Re: [PATCHES] poi as calculation engine

Posted by Javen O'Neal <on...@apache.org>.

How about we adopt a full lazy-evaluation approach for Formula objects?
Either _byteEncoding and _encodedTokenLen should be provided or
_ptgTokens should be provided. Only when the other is needed should
Ptg.readTokens or Ptg.serializeTokens be called.

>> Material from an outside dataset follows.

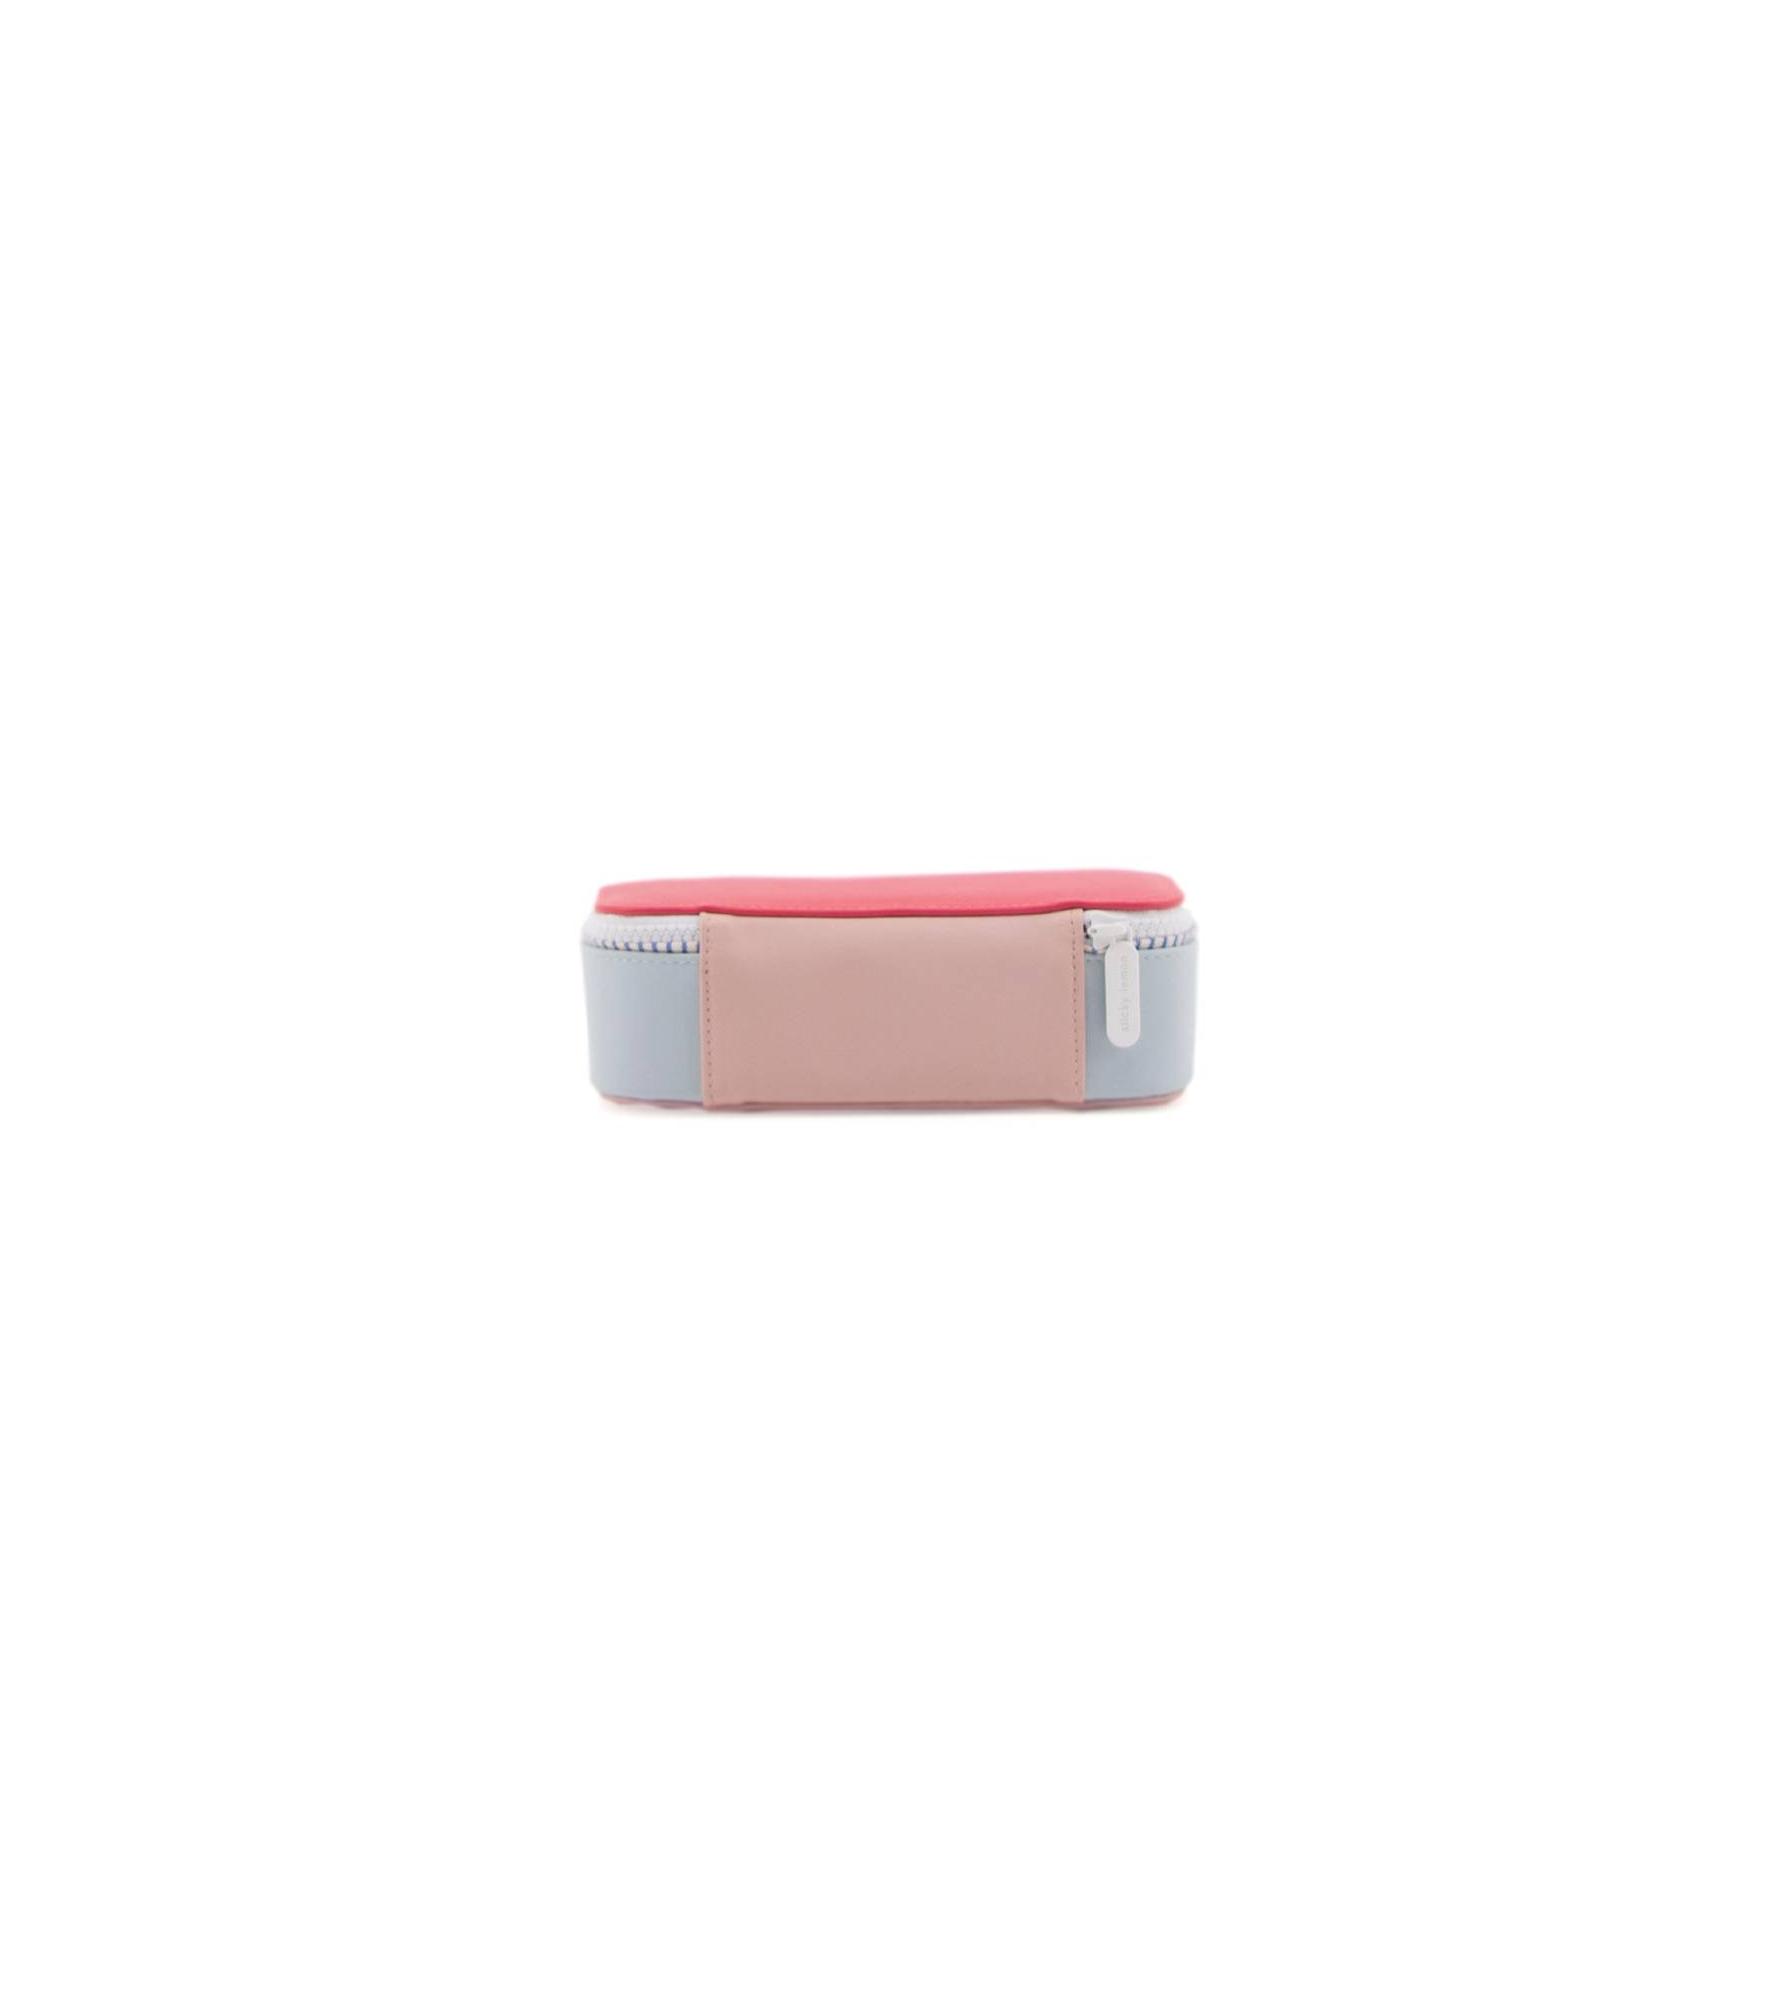 1801422 - Sticky Lemon - pencilbox - Mendl's pink, agatha blue, elevator red - back_edit.jpg

As I understand it, reading and serializing tokens is pretty
expensive, and eager evaluation is expensive if the results are never
used.

There should be:
> private Formula(final byte[] byteEncoding, final int encodedTokenLen);
> private Formula(final Ptg[] cachedTokens);
I don't think a third constructor is necessary with the current code
and enough lazy evaluation, but here's a 3rd constructor
> private Formula(final byte[] byteEncoding, final int encodedTokenLen, final Ptg[] cachedTokens);

I think we're less likely to rewrite org.apache.poi.hssf.model with
SpreadsheetVersion code since it would encourage incorrect usage (the
mailing list would explode). However, if you can get to the bottom of
why HSSF formula evaluation is faster with some profiling (perhaps
it's the expensive xmlbean reading and writing that's slowing XSSF
down), then we could go that avenue.
1. Find and fix the largest contributors to the overall formula
evaluation time for your XSSF and HSSF test cases.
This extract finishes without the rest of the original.